I am trying to prove this without using the Heine-Borel Theorem (Heine?Borel theorem - Wikipedia, the free encyclopedia), which is why it is giving me a little trouble. I'm guessing the goal is basically to arrive at a conclusion showing that S is compact, without using the fact that S is bounded and closed (because that's the Heine-Borel Thm).

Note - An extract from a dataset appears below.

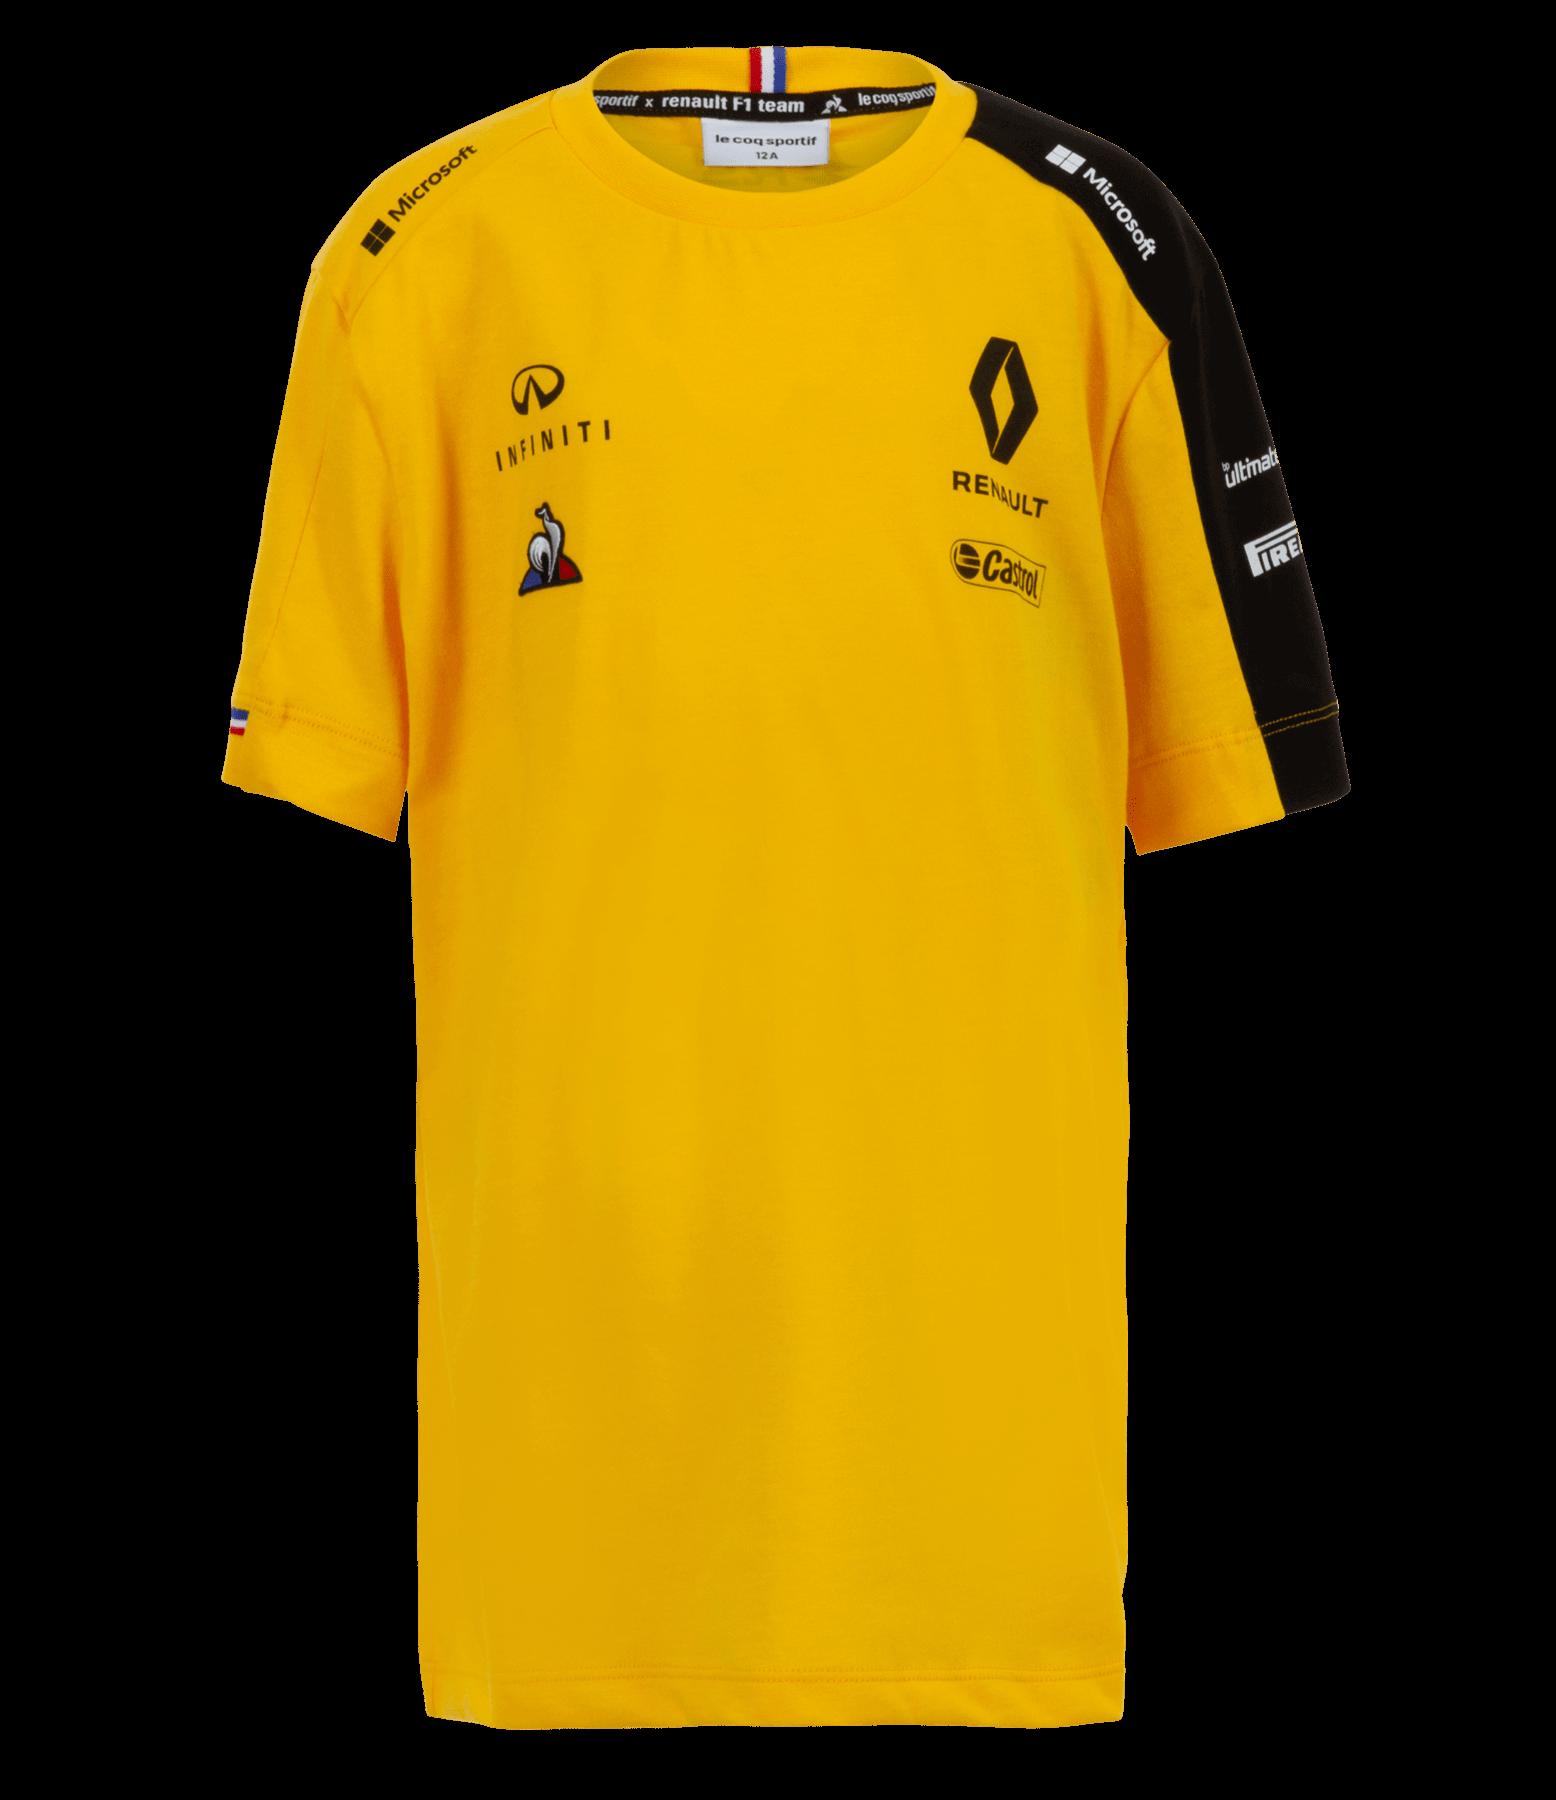 RENAULT F1® TEAM 2019 kid's t-shirt - yellow

My intuition would be to show that S is sequentially compact, so that any sequence in S has a subsequence converging to a limit point in S? I'm not sure where to go from here though... Any hint/help would be appreciated.
• Nov 11th 2009, 04:09 PM
Enrique2
Use the definition of compactness. Take $(U_i)_i$ an open covering of $S$. Choose $i_0$ such that $a\in U_{i_0}$. By the definition of convergence of a sequence, outside $U_{i_0}$ there are only a finite number of terms of the sequence. Now the conclusion is almost immediate.
• Nov 11th 2009, 04:56 PM
DPMachine
Quote:

Originally Posted by Enrique2
Use the definition of compactness. Take $(U_i)_i$ an open covering of $S$. Choose $i_0$ such that $a\in U_{i_0}$. By the definition of convergence of a sequence, outside $U_{i_0}$ there are only a finite number of terms of the sequence. Now the conclusion is almost immediate.

Just to clarify, so within $U_{i_0}$ there would be an infinite # of $a_{n}$ terms converging to $a$. If so, then S satisfies the definition of compactness that I had on the first post: "any sequence in S has a subsequence converging to a limit point in S" because $a_{n}$ converges to $a$ and any subsequences of $a_{n}$ converges to $a$. Is this right?
• Nov 11th 2009, 06:55 PM
redsoxfan325
Quote:

Originally Posted by DPMachine
Just to clarify, so within $U_{i_0}$ there would be an infinite # of $a_{n}$ terms converging to $a$. If so, then S satisfies the definition of compactness that I had on the first post: "any sequence in S has a subsequence converging to a limit point in S" because $a_{n}$ converges to $a$ and any subsequences of $a_{n}$ converges to $a$. Is this right?

Within $U_{i_0}$, there are infinitely many points of S. What Enrique is saying is that since this one open set covers all but finitely many $x_n\in S$ (say all $n>N$, for some $N$), then you can cover remaining points $a_1,...,a_N$ individually.

The "every sequence has a convergent subsequence" (Bolzano-Weierstrass Theorem) is not used in this particular proof; however, it can be used. Since $\{a_n\}$ converges to $a$, every subsequence also converges to $a$. Since $S=\{a_n\}\cup a$ every sequence has a convergent subsequence, so $S$ is compact.